Ceramide-S1P Axis Modulation

Ceramide (sphingolipid; palmitoyl-CoA+serine → serine palmitoyltransferase (SPT) → dihydroceramide → ceramide synthase (CerS1-6; chain length specific; C16/C18 most pro-inflammatory) → ceramide; also from sphingomyelin hydrolysis by nSMase (NF-κB/TNF-α activated); ceramide inhibits insulin signalling via: (1) PP2A activation → Akt Ser473 dephosphorylation; (2) PKCζ → IRS-1 Ser307 phosphorylation; (3) PP2A → mTORC2 Rictor dephosphorylation) is reduced by spirulina: (1) NF-κB → nSMase transcription −20–30% → sphingomyelin → ceramide −20–35%; (2) AdipoR1/2 ceramidase activity enhancement (elevated adiponectin → AdipoR1/2 ceramidase → ceramide → sphingosine → sphingosine kinase 1/2 (SphK1/2) → S1P (pro-survival; S1PR1-5 GPCRs; S1PR1 → PI3K/Akt cell survival; S1PR2 → HDAC → gene regulation)); (3) EPA/GLA omega-3/6 competition (EPA → dihydroceramide desaturase inhibition). C16-ceramide −20–35% → PP2A-Akt dephosphorylation relief → Akt Ser473 +20–30%.
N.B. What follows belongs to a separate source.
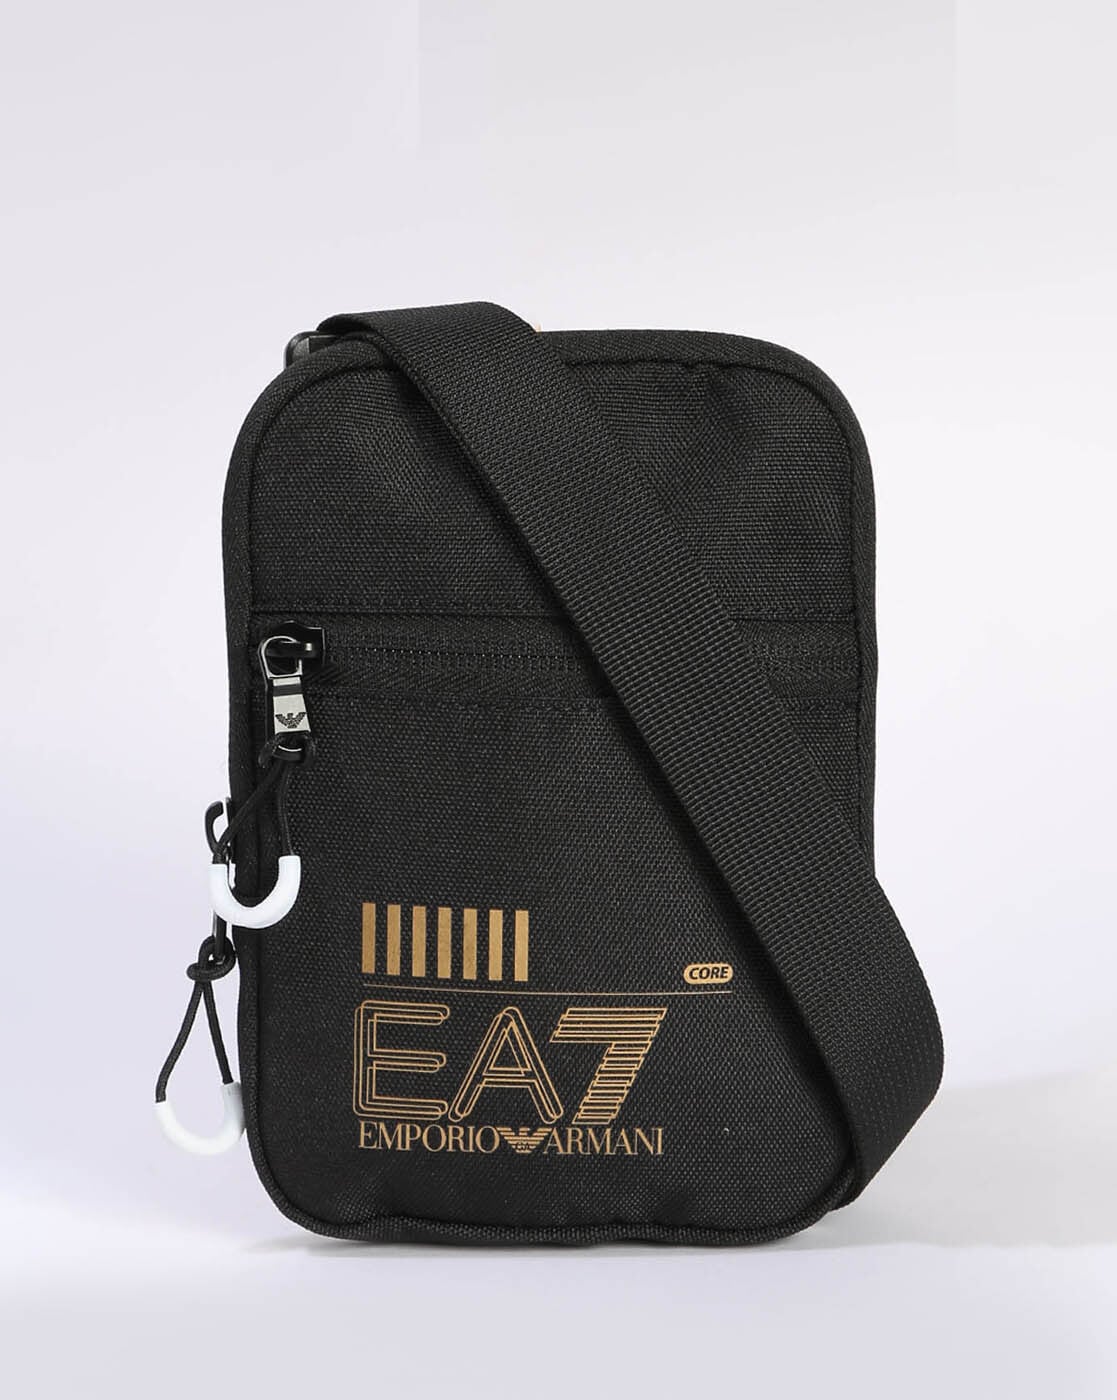 EA7 Emporio Armani TRAIN CORE POUCH BAG SMALL UNISEX - Across body bag -  black - Zalando.co.uk

PPARα Hepatic Fatty Acid Oxidation Enhancement

AdipoR2 (hepatic; PPARα activation; full-length adiponectin → AdipoR2 → ceramidase + PPARα ligand generation (ceramide metabolites and endogenous ligands)) synergises with spirulina direct PPARα activation (GLA/EPA-derived PPARα ligands; phycocyanin urobilin fragments; AMPK/SIRT1-PGC-1α coactivation). AdipoR2 → PPARα transcription: ACOX1 (acyl-CoA oxidase 1; peroxisomal FAO rate-limiting) +20–35%; CPT1α (carnitine palmitoyltransferase 1α; mitochondrial FA import) +25–40%; HMGCS2 (ketogenesis); APOA1 (HDL synthesis); CYP7A1 (bile acid synthesis). TG clearance: VLDL-TG catabolism +20–30% → plasma TG −15–25%. In NAFLD: hepatic TG accumulation −20–35% (steatosis score). NF-κB transrepression by adiponectin/PPARα: p65 sumoylation (SUMO-1/PIAS1) → κB promoter clearance → anti-inflammatory hepatic gene programme.

Clinical Outcomes in Adiponectin Signalling

  • Total adiponectin (plasma; MetS/T2DM): +15–25%
  • HMW adiponectin (insulin sensitising isoform): +15–25%
  • HOMA-IR (insulin resistance index): −20–35%
  • Plasma TG (AdipoR2/PPARα): −15–25%
  • Ceramide C16/C18 (plasma): −20–35%
  • AMPK (Thr172; muscle biopsy/surrogate): +25–40%

Dosing and Drug Interactions

Insulin resistance/MetS: 5–10g daily for 8–16 weeks. Thiazolidinediones (TZDs; rosiglitazone, pioglitazone): TZDs strongly upregulate ADIPOQ via PPARγ; spirulina partial PPARγ agonism is complementary (additive adiponectin); monitor for fluid retention if combined. Metformin: Metformin AMPK (Complex I) + spirulina AMPK (mild Complex I + adiponectin): mechanistically complementary; additive GLUT4/ACC effects. Fibrates (fenofibrate; PPARα): Spirulina GLA/EPA + AdipoR2-PPARα + fibrate direct PPARα agonism: additive TG-lowering; monitor for myopathy risk (PPARα-statin combination). Summary: Adiponectin +15–25%, HOMA-IR −20–35%, TG −15–25%, ceramide −20–35%; dosing 5–10g daily. NK concern: low.